= Aerodynamic force =

Force exerted on a body as it moves through air or gas

The aerodynamic force is the resultant vector from adding the lift vector, perpendicular to the flow direction, and the drag vector, parallel to the flow direction.

Forces on an aerofoil.

In fluid mechanics, an aerodynamic force is a force exerted on a body by the air (or other gas) in which the body is immersed, and is due to the relative motion between the body and the gas.

==Force==
There are two causes of aerodynamic force:

- the normal force due to the pressure on the surface of the body
- the shear force due to the viscosity of the gas, also known as skin friction.
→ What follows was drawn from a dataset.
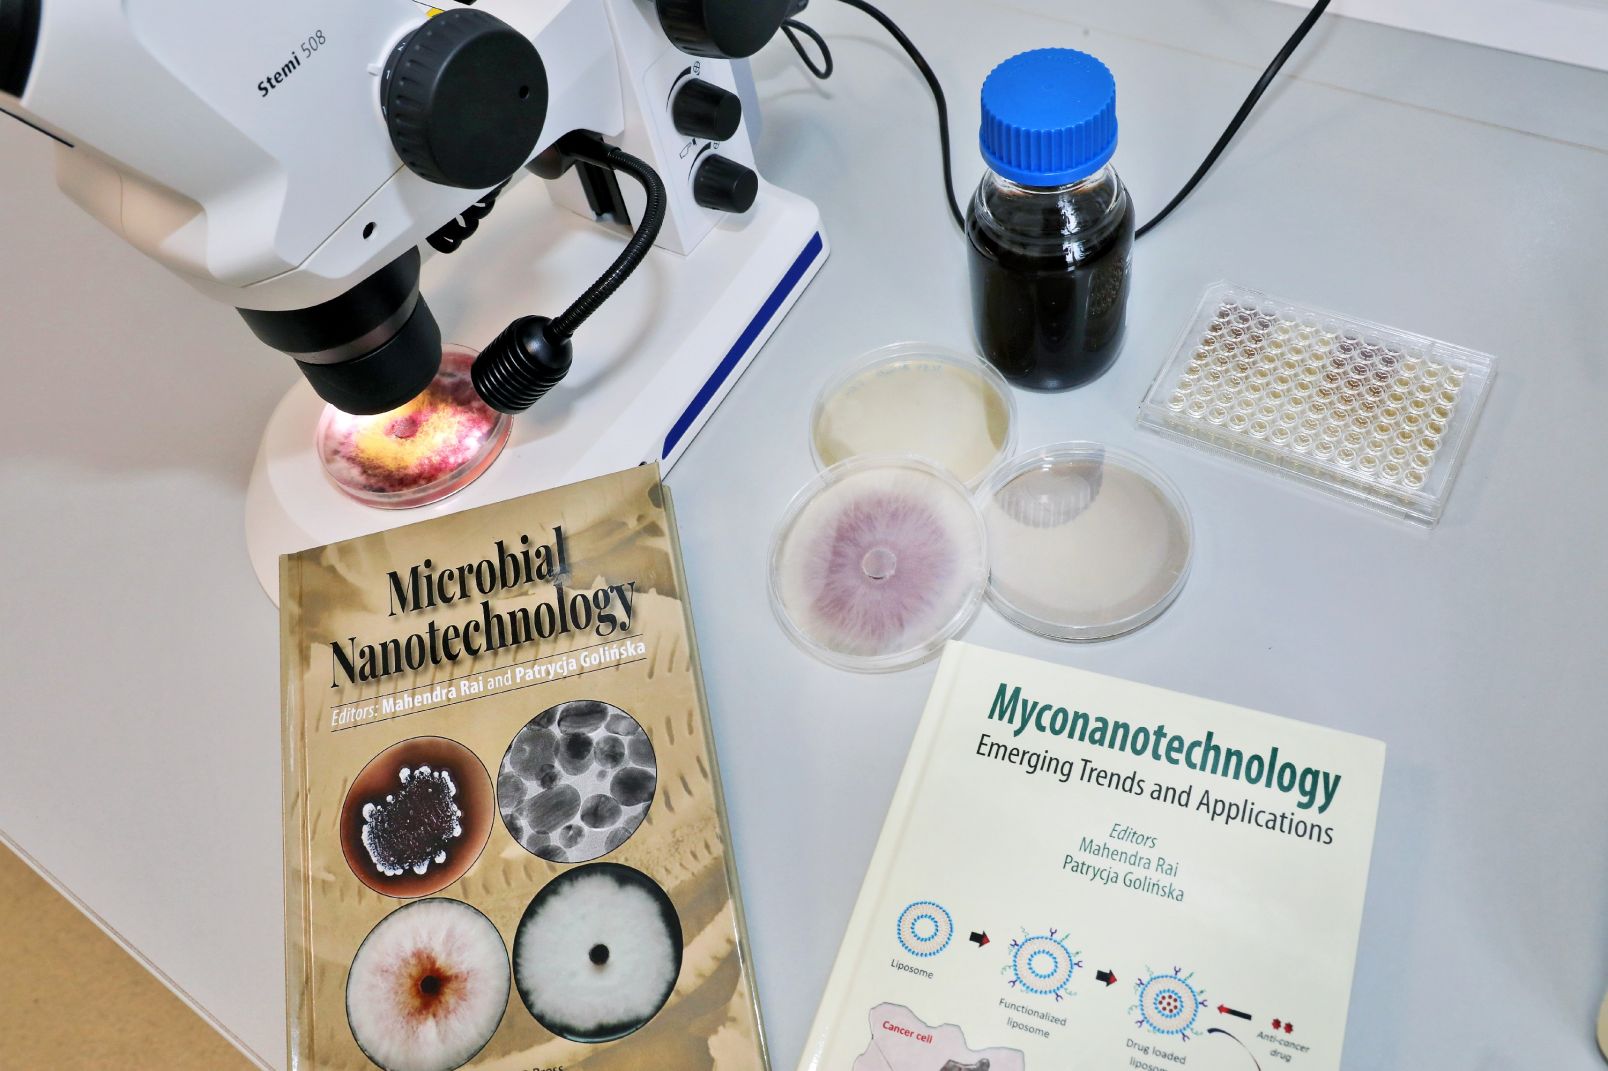  Prof. Ray and Prof. Golińska edited, among others, two books: "Microbial Nanotechnology" and "Myconanotechnology: emerging trends and applications"

Pressure acts normal to the surface, and shear force acts parallel to the surface. Both forces act locally. The net aerodynamic force on the body is equal to the pressure and shear forces integrated over the body's total exposed area.

When an airfoil moves relative to the air, it generates an aerodynamic force determined by the velocity of relative motion, and the angle of attack. This aerodynamic force is commonly resolved into two components, both acting through the center of pressure:

- drag is the force component parallel to the direction of relative motion,
- lift is the force component perpendicular to the direction of relative motion.

In addition to these two forces, the body may experience an aerodynamic moment.

The force created by propellers and jet engines is called thrust, and is a reaction force.

The other force acting on an aircraft is its weight, which is a body force and not an aerodynamic force.